In August 2020, the TVA Board approved a Pandemic Relief Credit which became effective beginning October 2020. The credit applies to service provided to TVA's LPCs, their large commercial and industrial customers, and TVA directly served customers as a 2.5 percent monthly base rate credit, approximating $200 million for 2021.
    The number of LPCs by contract arrangement, the revenues derived from such arrangements for the three months ended December 31, 2020, and the percentage those revenues comprised of TVA's total operating revenues for the same period, are summarized in the table below:
TVA Local Power Company Contracts
At or for the Three Months Ended December 31, 2020
Contract Arrangements(1)
Number of LPCs
Revenue from Sales of Electricity to LPCs
(in millions)
Percentage of Total Operating Revenues
20-year termination notice142 $1,720 74.7 %
 5-year termination notice11 371 16.1 %
Total153 $2,091 90.8 %
Note
(1) Ordinarily, the LPCs and TVA have the same termination notice period; however, in contracts with two of the LPCs with five-year termination notices, TVA has a 10-year termination notice (which becomes a five-year termination notice if TVA loses its discretionary wholesale rate-setting authority). Certain LPCs have five-year termination notices or a shorter period if any act of Congress, court decision, or regulatory change requires or permits that election.

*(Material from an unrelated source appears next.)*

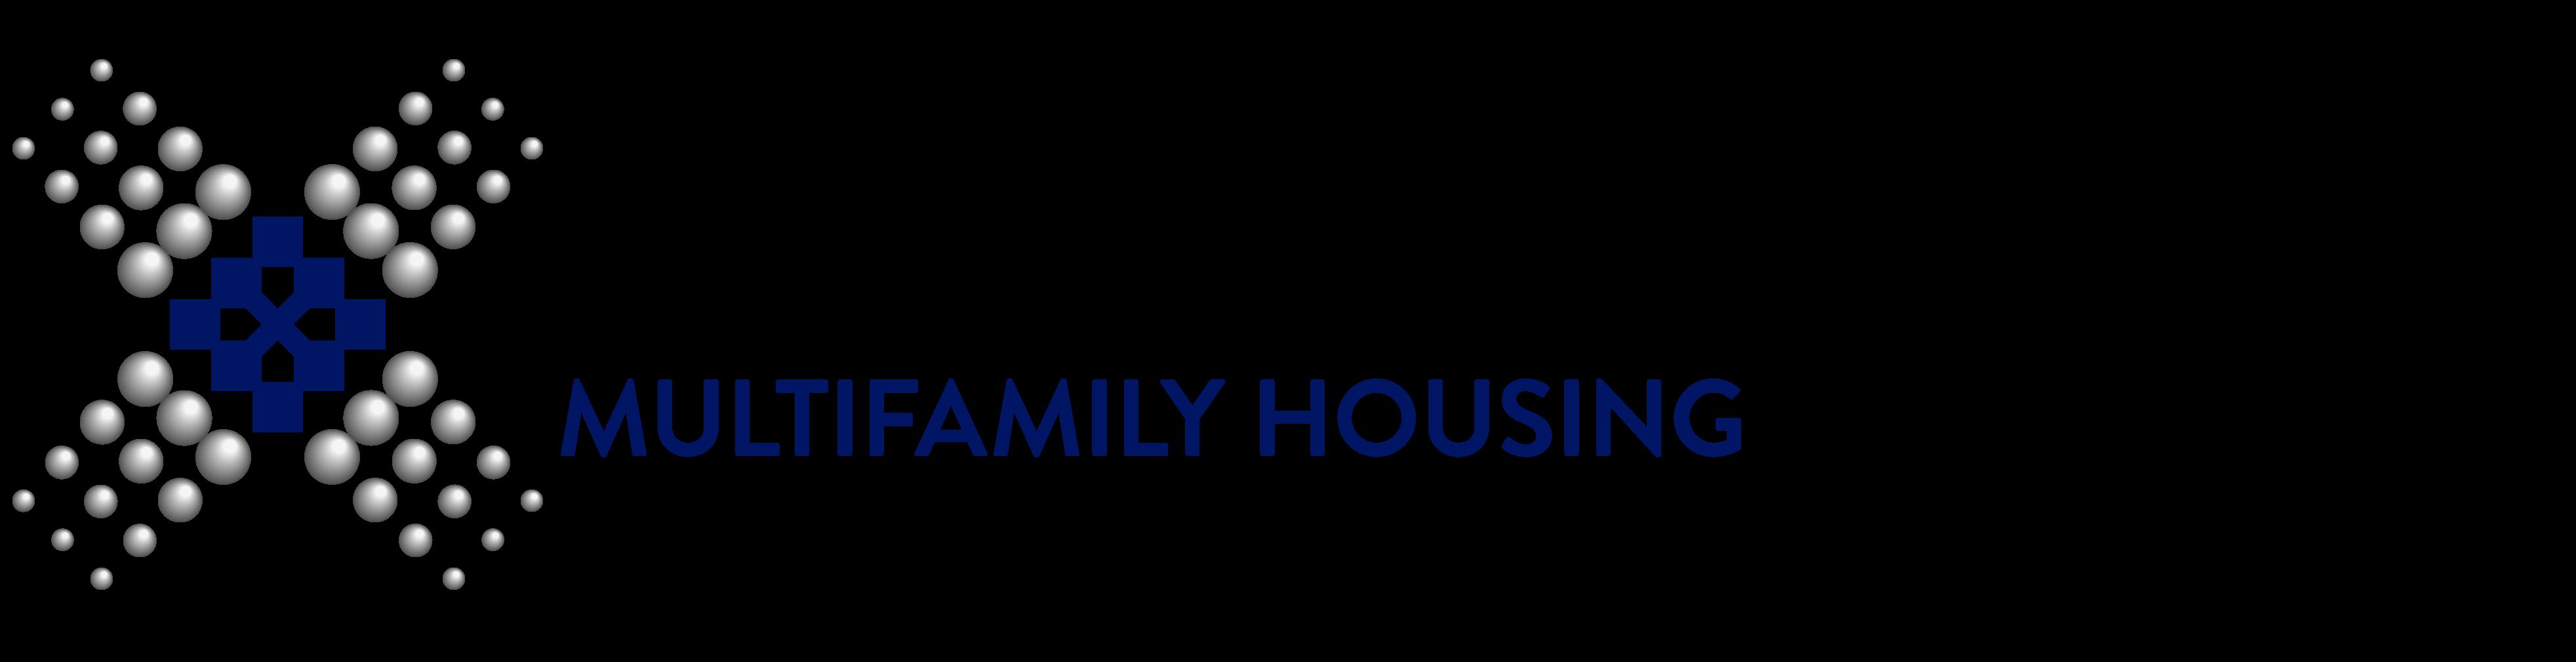 ExecutiveXchange Multifamily _ Transparent.png

    TVA's two largest LPCs — Memphis Light, Gas and Water Division ("MLGW") and Nashville Electric Service ("NES") — have contracts with a five-year and a 20-year termination notice period, respectively. Sales to MLGW and NES each accounted for eight percent of TVA's total operating revenues during both the three months ended December 31, 2020 and 2019. Certain LPCs, including MLGW, are evaluating options for future energy choices. In addition, in January 2021, four LPCs accounting for four percent of TVA's total operating revenues during the three months ended December 31, 2020, filed a complaint and petition with the Federal Energy Regulatory Commission ("FERC") asking FERC to order TVA to provide transmission and interconnection service to the LPCs or other suppliers that want to serve them. See Note 19 — Contingencies and Legal ProceedingsLegal ProceedingsChallenge to Anti-Cherrypicking Amendment.

Contract Balances

    Contract assets represent an entity's right to consideration in exchange for goods and services that the entity has transferred to customers. TVA does not have any material contract assets at December 31, 2020.

    Contract liabilities represent an entity's obligations to transfer goods or services to customers for which the entity has received consideration (or an amount of consideration is due) from the customers. These contract liabilities are primarily related to upfront consideration received prior to the satisfaction of the performance obligation.
    Economic Development Incentives. Under certain economic development programs, TVA offers incentives to existing and potential power customers in targeted business sectors that make multi-year commitments to invest in the Tennessee Valley. TVA records those incentives as reductions of revenue. During the three months ended December 31, 2020 and 2019, TVA recorded $75 million and $76 million, respectively, in incentives as a reduction of revenue. Incentives that have been approved but have not been paid are recorded in Accounts payable and accrued liabilities and Other long-term liabilities on the Consolidated Balance Sheets. At December 31, 2020, and September 30, 2020, the outstanding unpaid incentives were $168 million and $172 million, respectively. Incentives that have been paid out may be subject to claw back if the customer fails to meet certain program requirements. Additionally, in May 2020, TVA established flexibility provisions to support the continued operations and recovery of participating customers experiencing financial and operational hardships as a result of the COVID-19 pandemic and corresponding economic downturn. These provisions have not had a material impact to TVA.